Eva hadn’t been thinking any such thing. She looked in the mirror and realized she’d forgotten to put on make up this morning. Which is probably why all the women were so friendly. She was for sure no competition. She grabbed a mascara wand from the basket of make up under the sink, hesitated, and snagged her blusher, too.

“Okay, well, Mom. Back to Marcie. I didn’t know you talked to her.”

“Yes, that was your father’s fight. When he died, the fight died with him, bless his heart.”

Eva felt a sense of calm she’d been missing since she’d started this project. She’d gotten a couple of her cousins’ email addresses off the internet and sent them the link to Blue Heaven. Just in case they might be interested in seeing their childhood summer home again. She hadn’t heard back from any of them, and that stung, but apparently at least Marcie had seen the website.

Someone knocked on the door. “Mom, I have to go. I’m having a party.”

“Oh, I’m glad you’re making friends, dear.”

Eva was glad, too. This was a small town and she intended to spend the rest of her life here, so it would be good if she liked the people.

She opened the door. Jane stood there.

“Oh, hey you.”

“Hey you, too.” They grinned at each other like fools. She’d never have been able to do any of this without Jane’s help. From the first day, Jane had been there for her, even way back when Daniel wasn’t.

“Thank you,” she told Jane.

“For what? Putting ranch dressing in plastic shot glasses and sticking in a few raw veggies?”

“No, for this. For everything. You are the person who started everything in motion. I can’t thank you enough.”

“It was nothing,” Jane said. “Wait for me, I want to ask you something.”

So Eva went into the kitchen and talked with people until Jane joined her.

“Let’s go sit on the porch,” Eva said. Jane laughed, and in a minute Eva knew why. The big covered porch was strictly standing room only. But that was okay.

“What did you want to ask?” Eva said, going outside, heading for the shed, where her plan for Daniel was ready to spring.

“Just, well. I wondered about you and Daniel.” God, the girl had ESP.
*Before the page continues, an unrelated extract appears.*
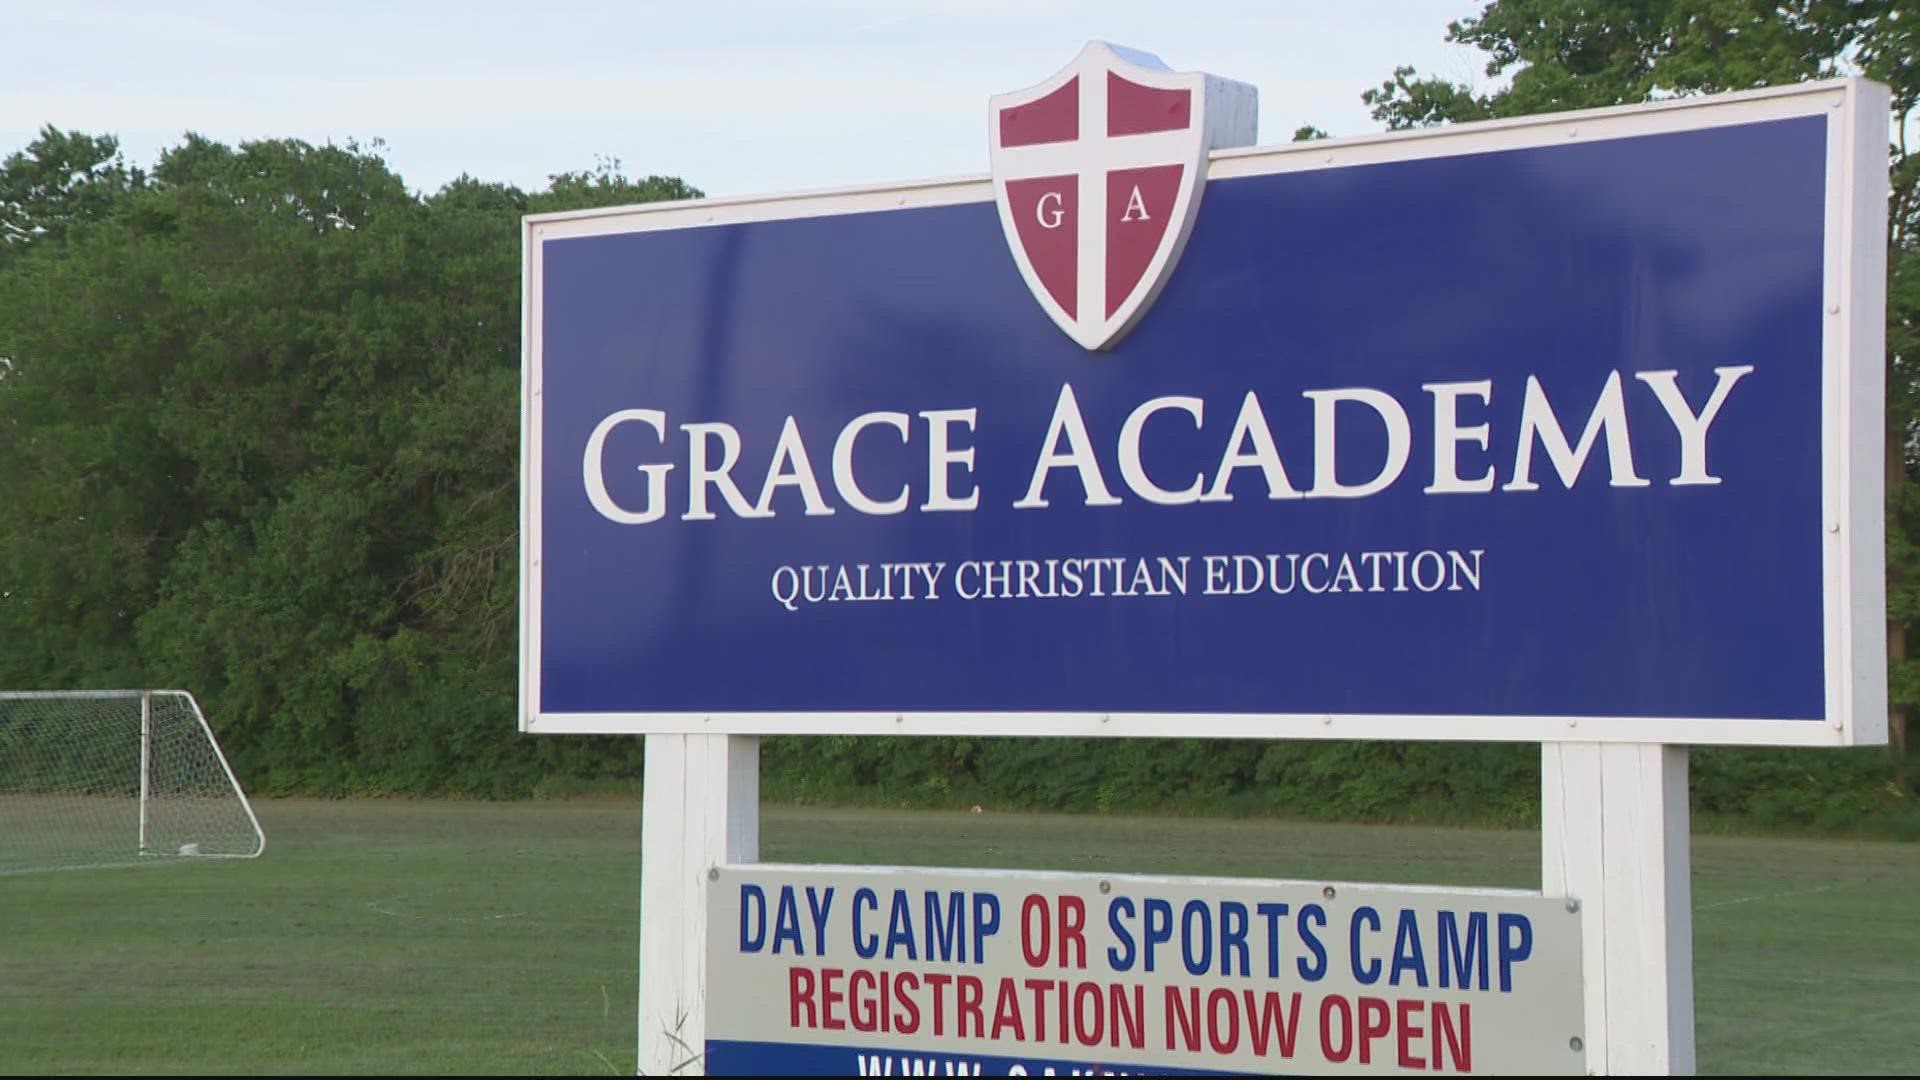 Two Hagerstown mothers say their child was denied by a private Christian academy because of their quote “lifestyle.”

“Not much to tell. We’re taking it slow.” Eva wasn’t going to tell anyone, not even Jane, what she had planned.

“I know, I know, but I keep getting a bad vibe.”

Eva shook her head no. “You worry too much.”
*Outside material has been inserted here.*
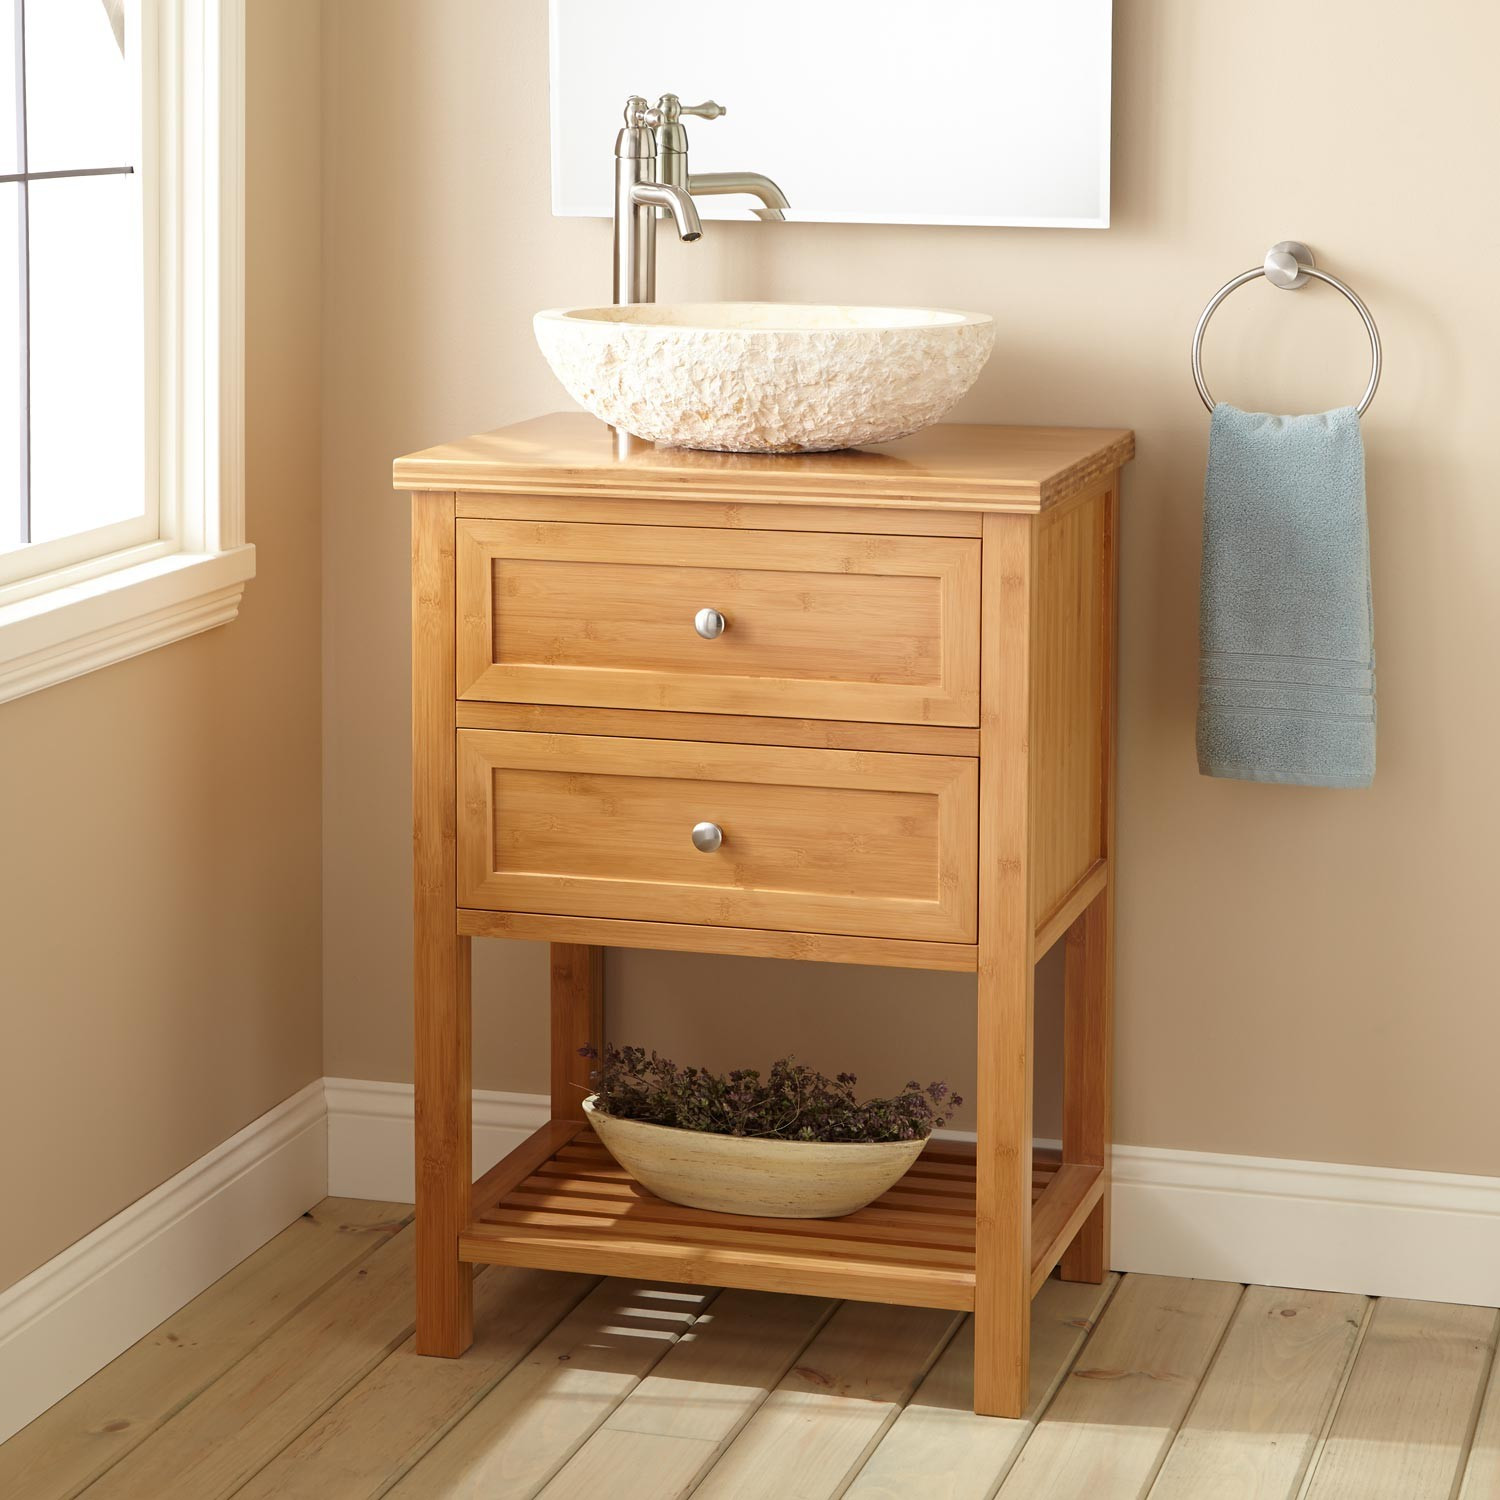 35 Luxury Shallow Depth Bathroom Vanity - Home, Decoration, Style and ...

Just then Daniel came up behind her and Eva figured it was now or never. She took him by the hand, pulled him closer to the shed, looked back at Jane, and winked.
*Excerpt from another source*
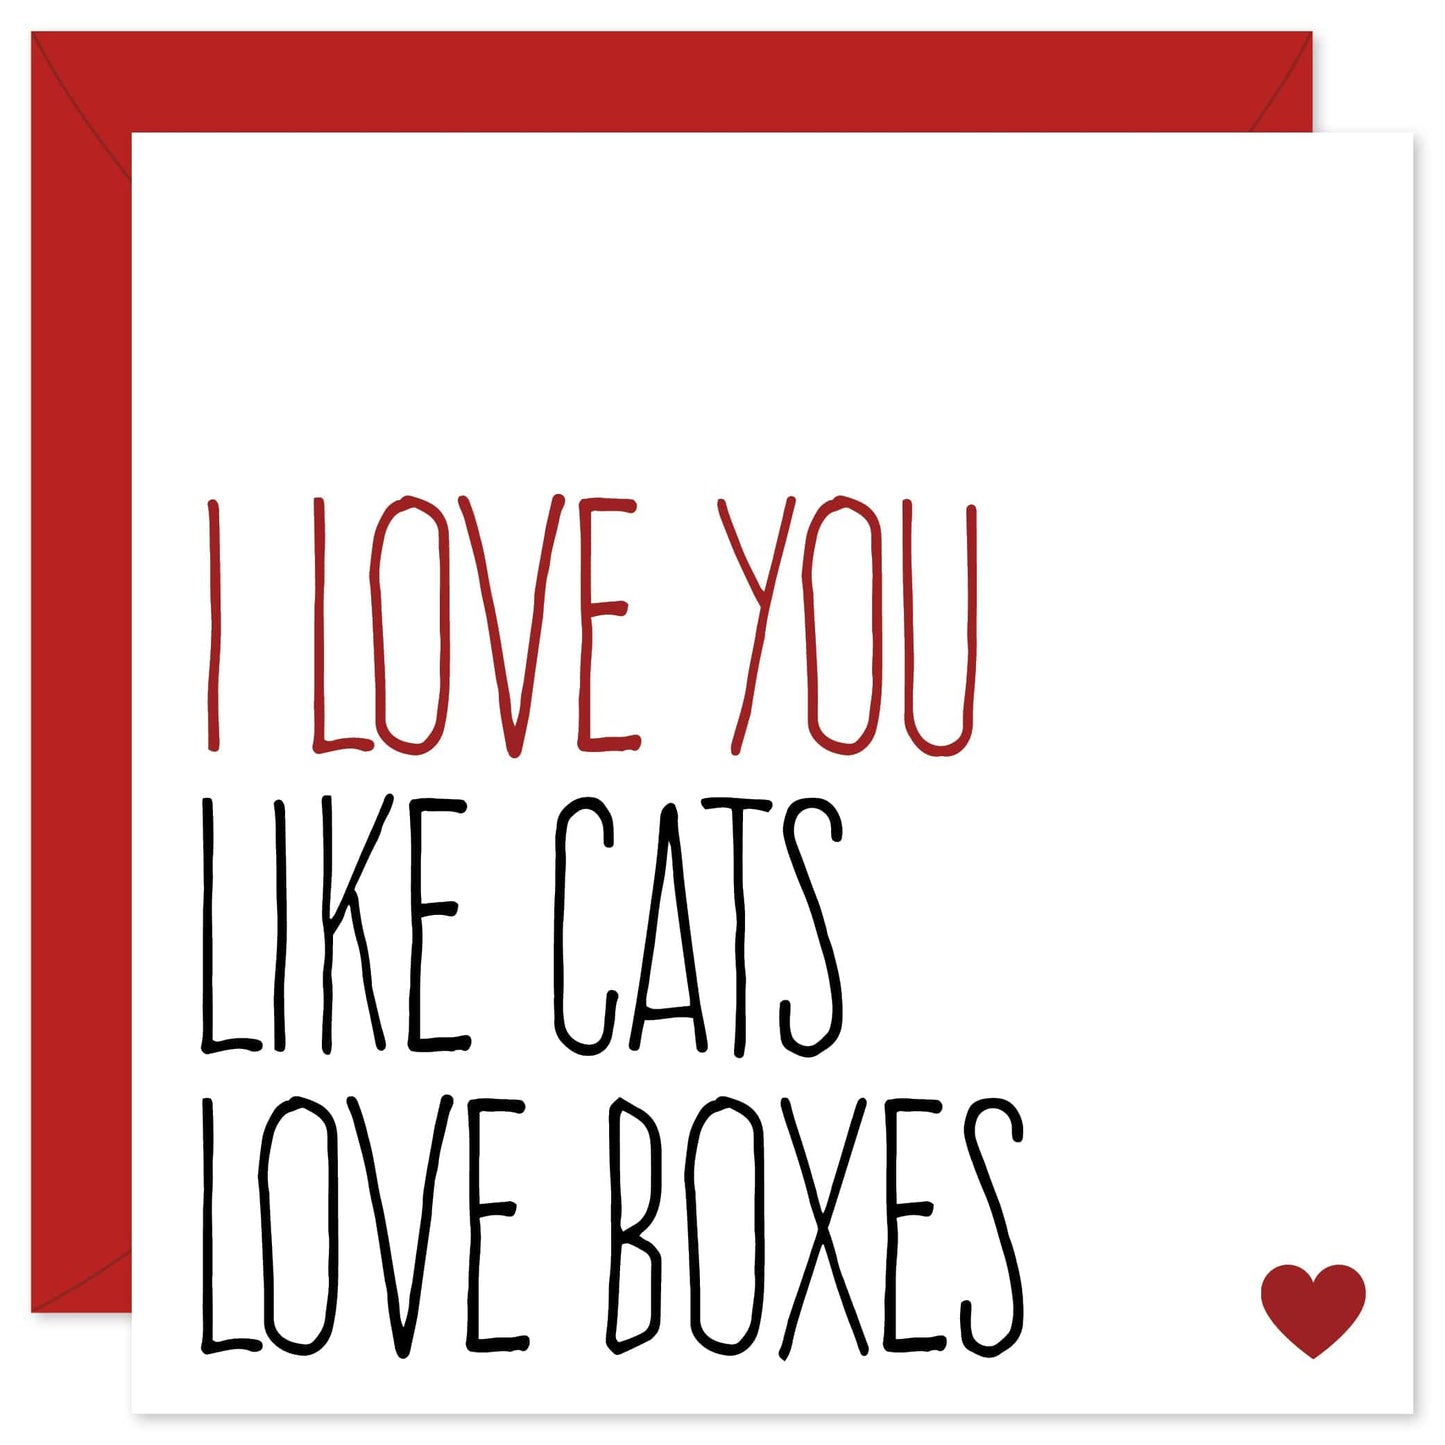 Cats love boxes Valentine's Day card from Purple Tree Designs

“What? Where are we going? I wanted to introduce you to…”

She pulled open the shed door a crack with the stealth of a top notch sleuth. She went in sideways, pulling Daniel after her. It was dark, but she didn’t turn on the light. Daniel stopped protesting even before she kissed him.

She relaxed into an embrace that had become her main source of comfort. Even joy. It felt like an old song her mother had loved, something about fading into your lover. Not that he was yet. And this was not the place for that. But soon.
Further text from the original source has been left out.